Правила — ключевое понятие. Недаром и выставка, и сама группа снятых здесь людей с пиететом называется "The Firm". Некогда "Крестный отец" (1972) и его вторая часть (1974) утвердили в массовом сознании Запада представление о том, что гангстеры — подлинные строители капитализма, ответственные за экономическое благополучие США. Последний оплот семейных ценностей в мире надвигающегося рок-н-ролла, хотя крестные отцы клали именно личное семейное счастье на алтарь процветания общества. "Я как сенатор или конгрессмен",— говорил Майкл Корлеоне своей невесте Кэй. "Не будь наивным, Майкл, сенаторы и конгрессмены не убивают людей". "И кто из нас наивен?",— спрашивал Майкл. Но у Копполы звучали оперные арии, бушевали феодальные войны, брат шел на брата, а прочность бизнеса постоянно проверялась мощнейшими ударами со стороны правоохранительных органов. В бизнес-терминологии это было "venture" — рискованное, но сверхприбыльное предприятие.
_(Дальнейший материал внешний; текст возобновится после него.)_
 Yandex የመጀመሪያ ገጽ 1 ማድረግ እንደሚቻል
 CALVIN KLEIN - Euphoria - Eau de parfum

Ситуация устаканилась. Теперь это просто Фирма, хоть и с заглавной буквы.
У нас подобной структурности удостоена только одна "организация", она же "контора", она же "органы", "комитет" и даже абстрактно-конкретное "сами знаете где". То есть в России считается, что толково, по образу корпорации у нас организована только одна мощная компания, хотя вполне вероятно, что у бандитов все устроено не менее рационально.
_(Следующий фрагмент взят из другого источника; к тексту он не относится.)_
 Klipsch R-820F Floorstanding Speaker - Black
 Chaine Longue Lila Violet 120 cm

Однако русский язык никакой не "дом бытия", как утверждал Хайдеггер, а скорее лекарство из аптечки, самопальное средство первой помощи. Он как закон в виде дышла. Вместо чужеродного "фирма" мы говорим "братва", подразумевая не менеджерские, а более крепкие родственные отношения между участниками сообщества, генетический код, кровную связь, которая соединяет крепче уставных, прописанных в договоре отношений. В этом видна защитная реакция: в Фирме либо работаешь, либо нет, а родственником можно оказаться кому угодно. Против корпорации бороться тяжело. С братком и не надо — "ты же брат мне, брат". По отношению к бандитам у русского человека гипертрофированно развит стокгольмский синдром. Государство можно обмануть, перехитрить, братву — и не пытайся. Это же не равнодушная Фирма, это свои, родные, с ними жить.
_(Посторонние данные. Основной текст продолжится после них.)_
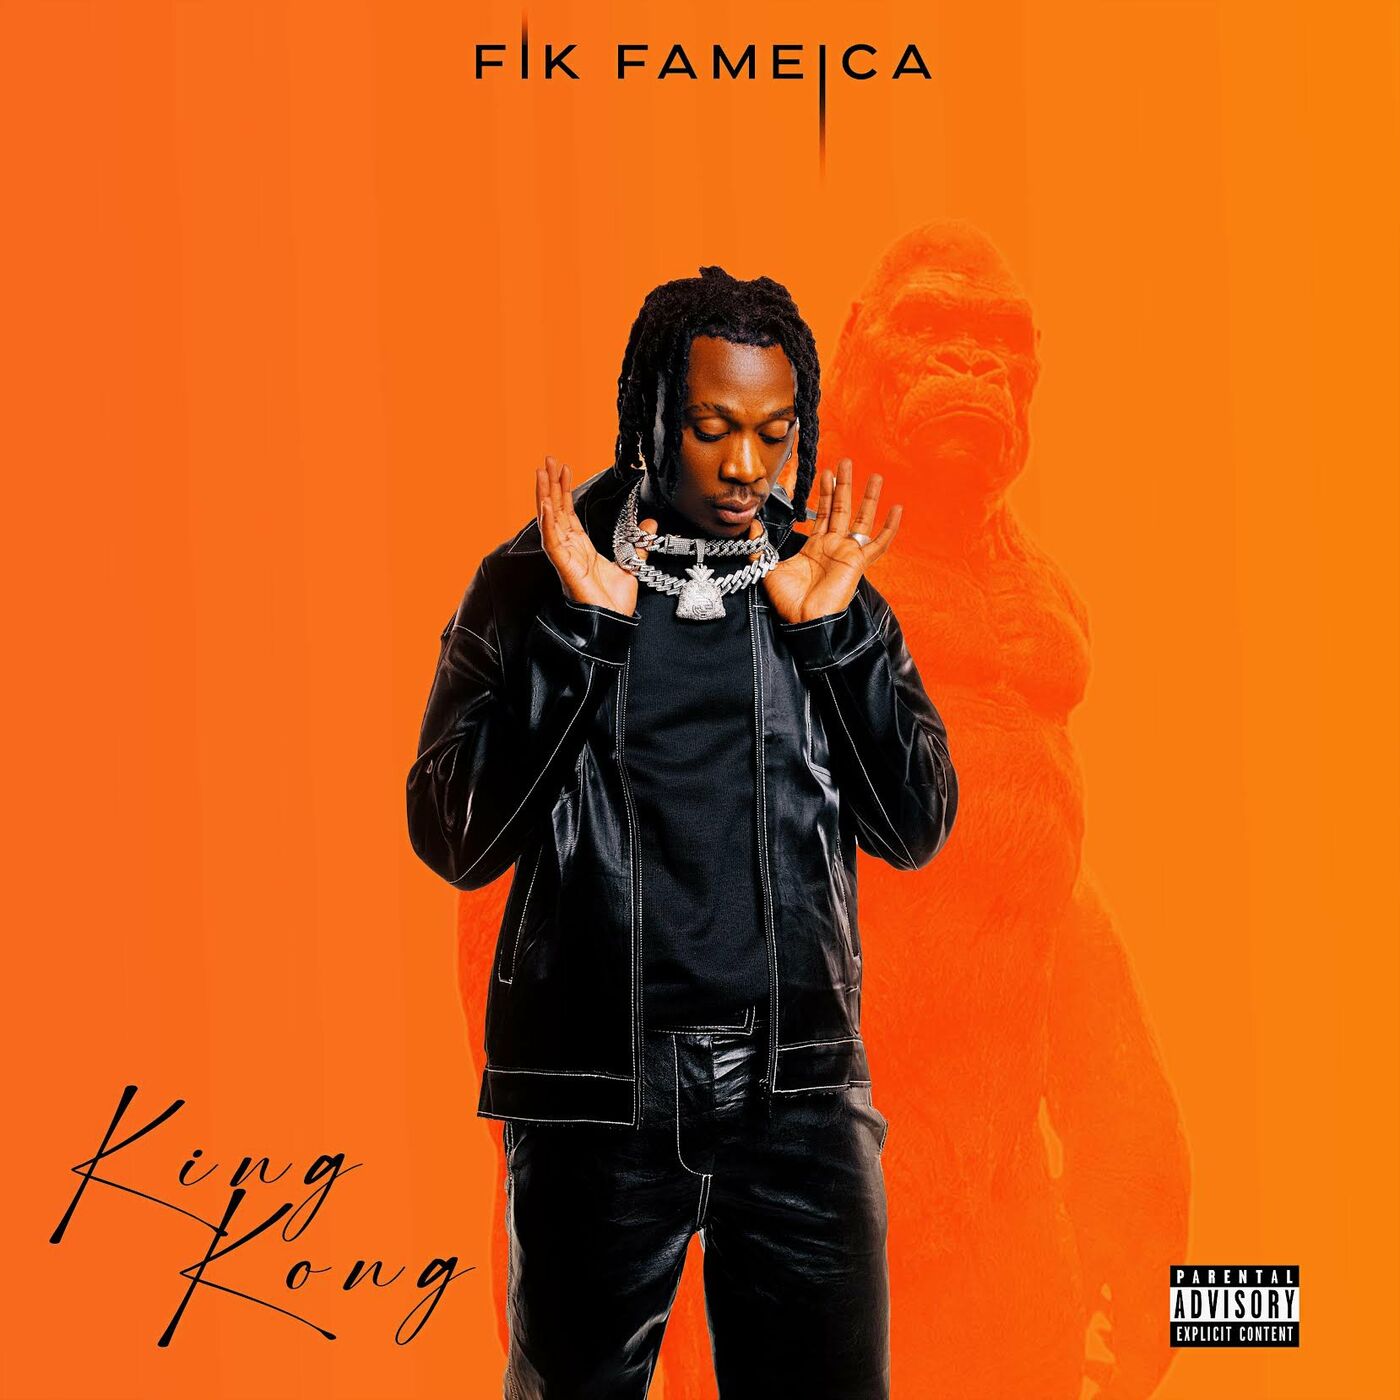 fik-fameica-lock-remix-album-cover

В "Фирме" Джослина Бейна Хогга почти все постановочно, глянцево, рельефно. На пост-продакшн, явно, ушло немало времени. Слепком суровой бандитской жизни этот проект не назвать. Парни, конечно, красуются. Но и без этого они весьма узнаваемы типологически. Лицевые мускулы — что горячая резина. Человек сам делает свое лицо. Несколько лет работы, скажем, на таможне придадут любому соответствующее выражение физиономии и набор носогубных складок. Служба в той же "конторе" меняет внешность безвозвратно. При этом интересно, что русского бандита от обычного лба уже не отличишь. Только старики держат марку. А большинство по-братски растворились в смежных профессиях. С лица вроде бандит, а приглядишься — прокурор. То есть, как обязательное условие, нужна подпись. Хоггу подписи не нужны.